AlibabaがスマートグラスQuark AI Glasses発表、中国市場でMeta Ray-Banに対抗

[更新]2025年11月27日

 - innovaTopia - (イノベトピア)

Alibabaは2025年11月27日、AI搭載スマートグラス「Quark AI Glasses」を発売した。製品は2つのバリエーションで展開され、S1モデルが536ドルからG1モデルが約268ドルからとなっている。

デバイスにはAlibabaのQwen AIモデルが統合されており、新たにローンチされたQwenアプリとも連携する。レンズは実質的にスクリーンであり、フレームにはカメラが組み込まれている。主な機能として、移動中の翻訳、AI生成の議事録、バーチャルアシスタントへの質問、Taobaoでの価格表示などが含まれる。当初は中国で発売され、XiaomiやXrealなどの国内企業と競合する。

Omdiaの予測によると、AIグラスの出荷台数は2026年までに1,000万台を超え、2025年から倍増する見込みだ。AlibabaのQwenアプリはパブリックベータローンチの最初の1週間で1,000万ダウンロードを記録している。

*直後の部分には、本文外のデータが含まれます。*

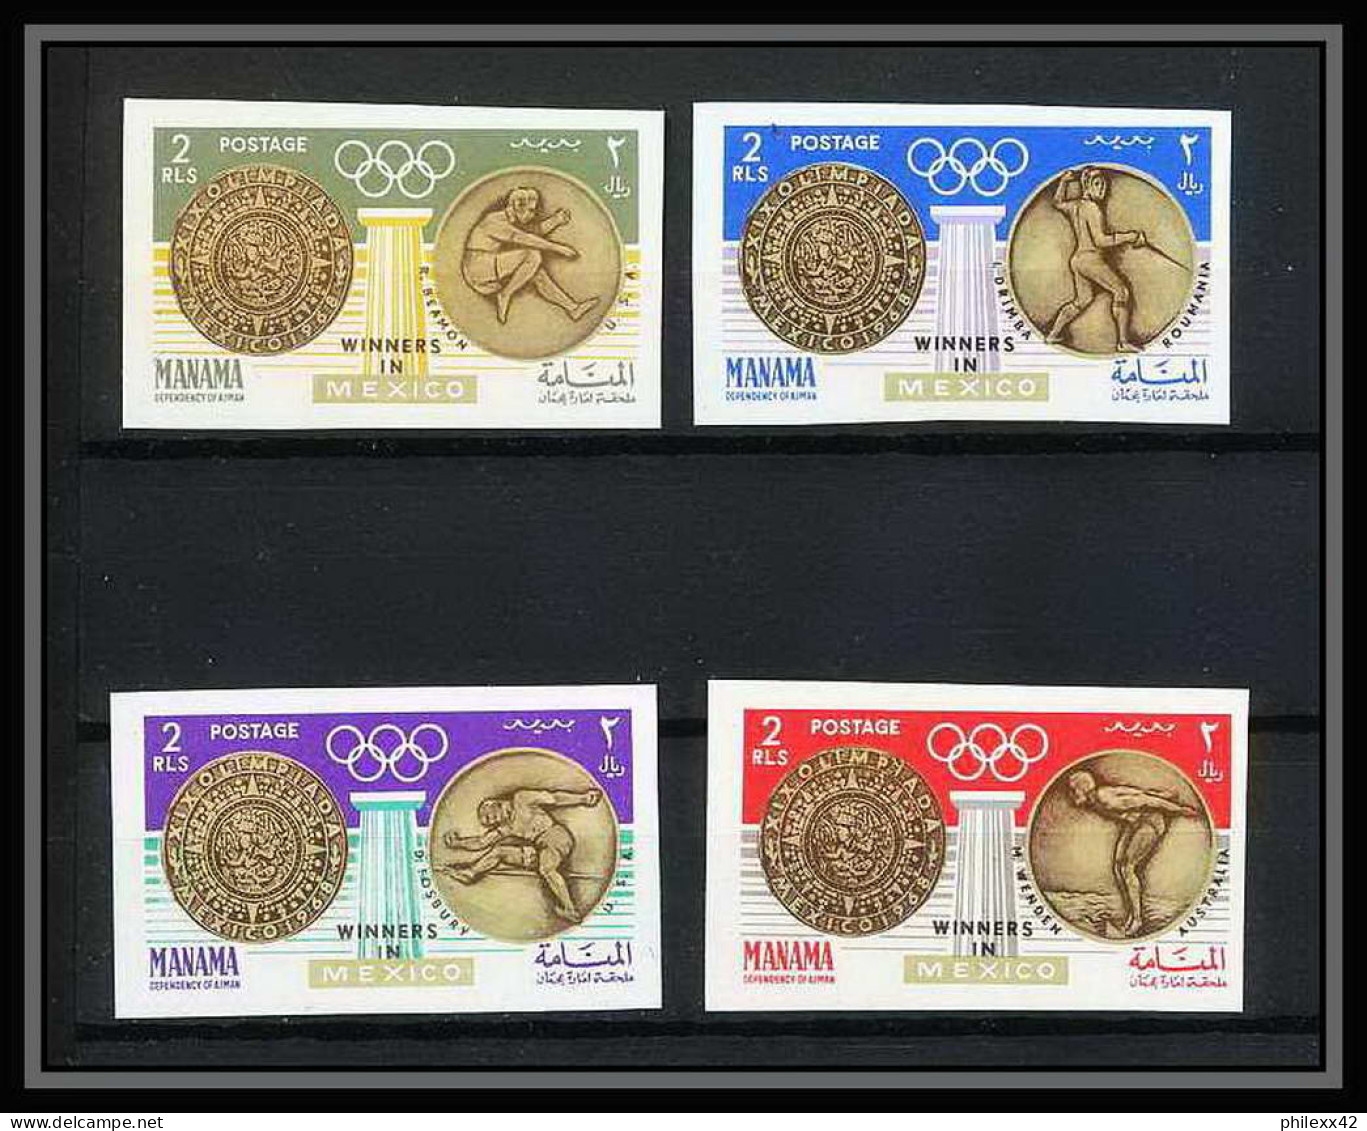 097d - Manama - MNH ** Mi N° 121 / 124 B Jeux Olympiques Olympic Games Gold Medalists Mexico 68 Non Dentelé (Imperf) - Manama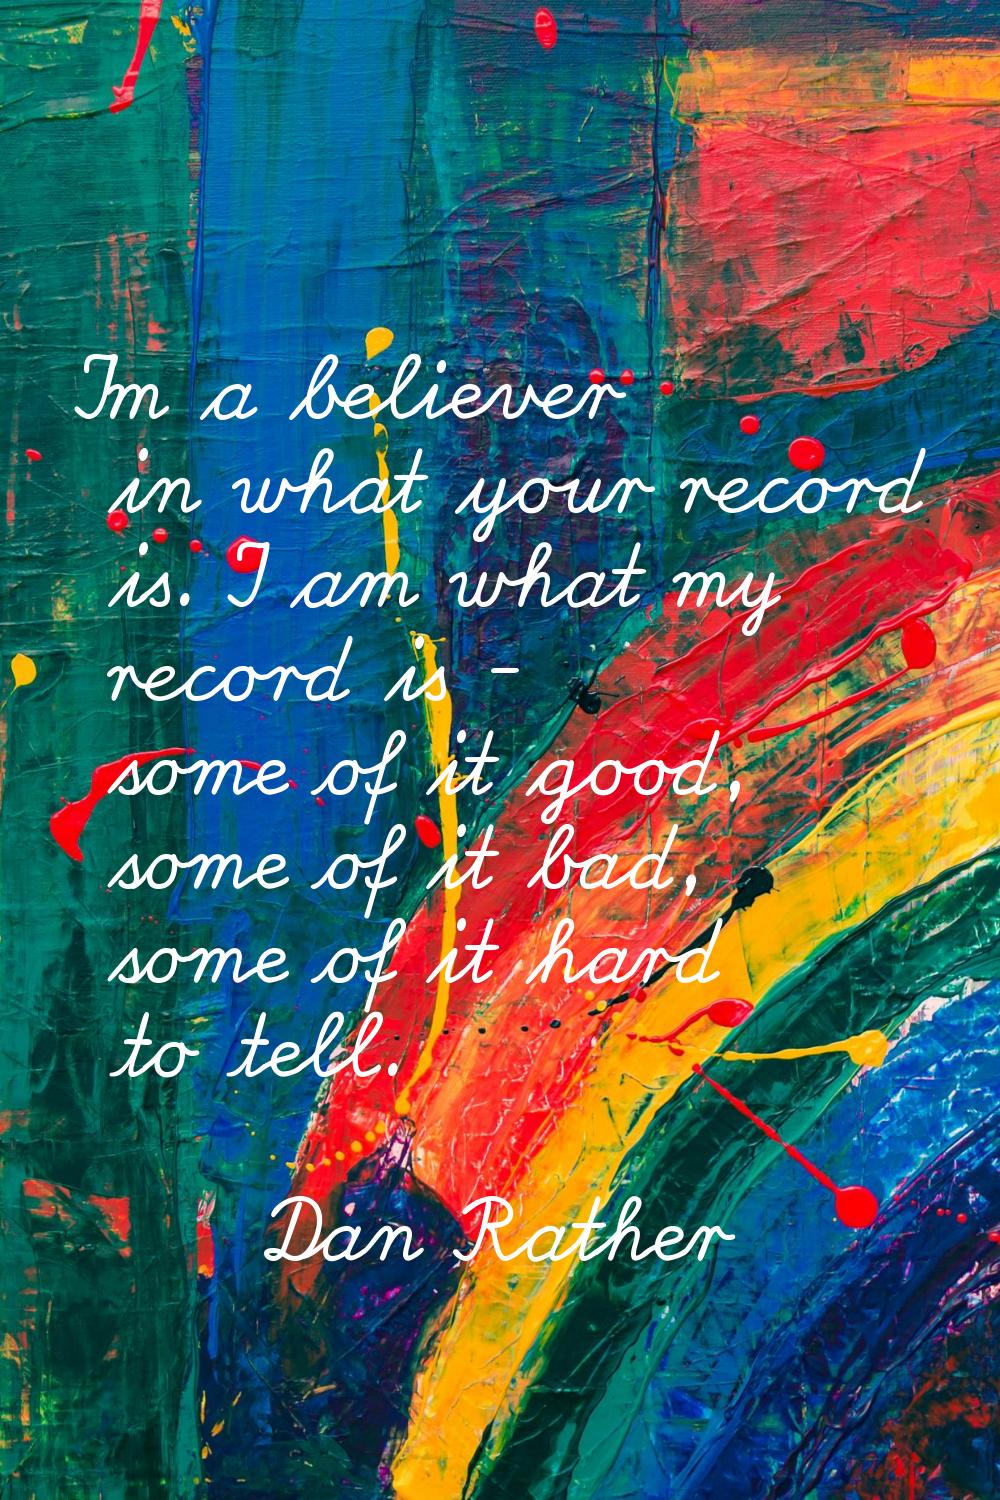 I'm a believer in what your record is. I am what my record is - some of it good, some of it bad, so

From: 文献リンクAlibaba’s AI glasses to rival Meta go on sale for $500

【編集部解説】

Alibabaが発表したQuark AI Glassesは、同社にとってスマートグラス市場への本格的な参入を意味します。これまでクラウドやAIモデルの開発に注力してきた同社が、ハードウェアという新たな領域へ踏み出したことは、AI競争が次のフェーズに移行していることを示しています。

製品ラインナップは2種類で、上位モデルのS1は536ドルから、下位モデルのG1は約268ドルからとなっています。最大の違いはディスプレイの有無です。S1には半透明のマイクロLEDディスプレイが搭載されており、視界にコンテキスト情報を重ねて表示できます。一方、G1はディスプレイを省略することで価格を抑え、音声とカメラ機能に特化した設計となっています。

技術的な特徴として、両モデルともQualcommのSnapdragon AR1プラットフォームを採用しており、AI処理に最適化されたニューラルプロセッシングユニットを搭載しています。S1の詳細なスペックとしては、Sony製IMX681センサー(12MP、109度視野角)、骨伝導マイクを含む5つのマイクロフォン、デュアル10mmスピーカー、交換可能な280mAhバッテリーなどが含まれます。バッテリーは約7時間アクティブ使用/スタンバイ25時間程度持続し、複数の充電方法が用意されているため、実用性の高い設計となっています。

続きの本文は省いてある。